We next applied MAVEn (Kinman et al., 2023; Sun et al., 2022), which has previously been used to systematically interrogate the structural heterogeneity of volume ensembles guided by atomic models. Here, we observed a broadly uniform distribution of occupancies for all queried structural elements (i.e., rRNA helices and r-proteins), with a notable exception of the 50S particle block, which lacks occupancy for any small subunit structural elements (Fig. 4e). We thus concluded that compositionally heterogeneous assembly intermediates were rare in this sample.

TomoDRGN learns intermolecular heterogeneity.

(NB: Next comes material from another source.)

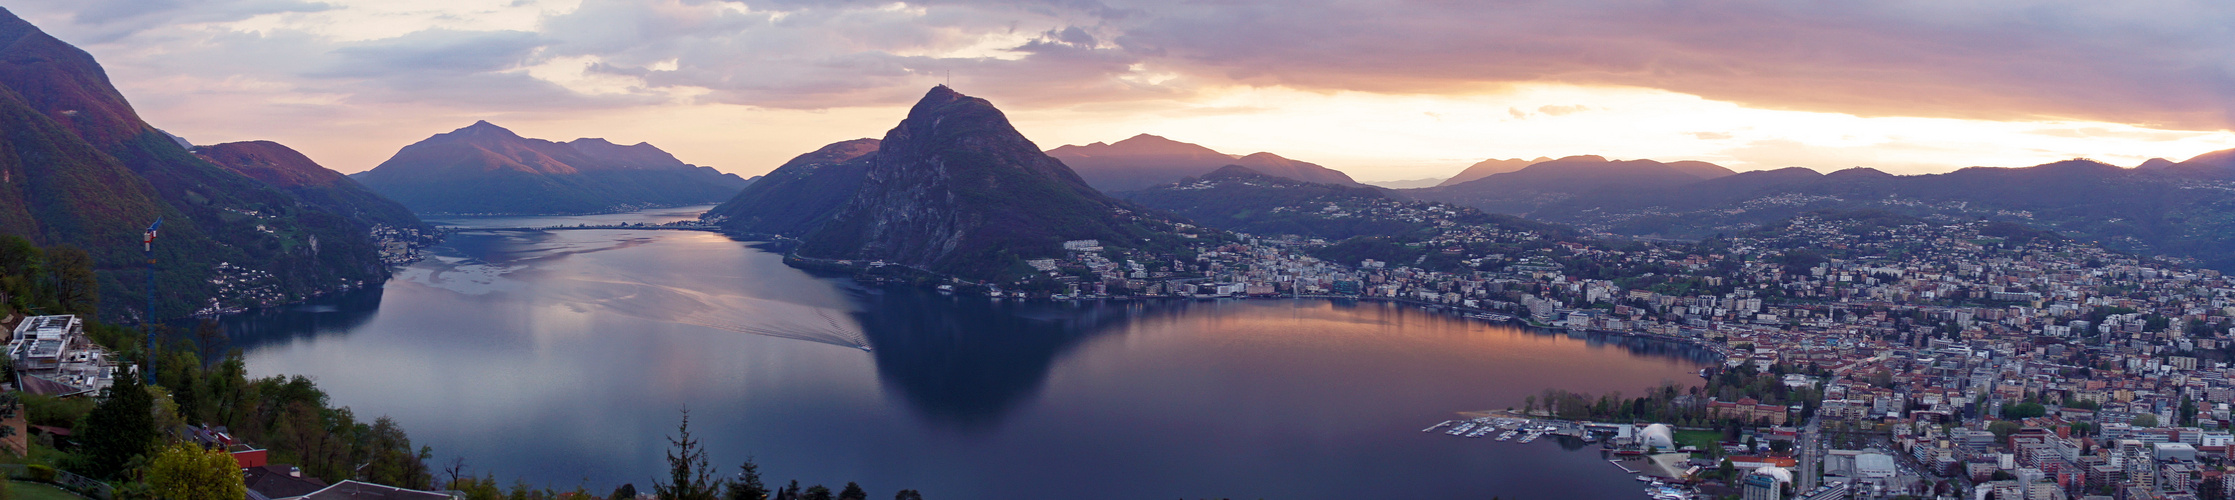 Sonnenuntergang in Lugano panorama

A grand promise of in situ cryo-ET is its potential to structurally characterize interactions between individual macromolecular complexes and their local environment (Tegunov et al., 2021; Turk and Baumeister, 2020). We hypothesized that tomoDRGN might perform well in this regard as its variational autoencoder architecture has a significant capacity to learn heterogeneity from the provided images, independent of the images being tightly or loosely cropped to the complexes under consideration. Indeed, our initial analysis revealed volume classes containing apparent intermolecular density truncated by the extracted box borders (Fig. 4d). To test tomoDRGN’s ability to analyze inter-complex structural heterogeneity, we extracted each ribosomal particle with a larger real-space box, effectively surveying the molecular neighborhood of each ribosome in the imaged cell. Training a new tomoDRGN model with these images revealed a similarly featured latent space with correspondingly diverse volumes (Fig. 5a). Many of the structures appeared to be disomes and trisomes, as previously reported (Tegunov et al., 2021), with measures of interparticle distance and the angular distribution to each ribosome’s nearest neighbor consistent with this interpretation (Fig. 5b). Intriguingly, the 50S population had an exceptionally broad distribution of nearest neighbor distances, and a subset of tomograms consisted almost exclusively of 50S ribosomes, whereas all other tomograms bore a more balanced distribution of all structural classes (Fig. 5bc).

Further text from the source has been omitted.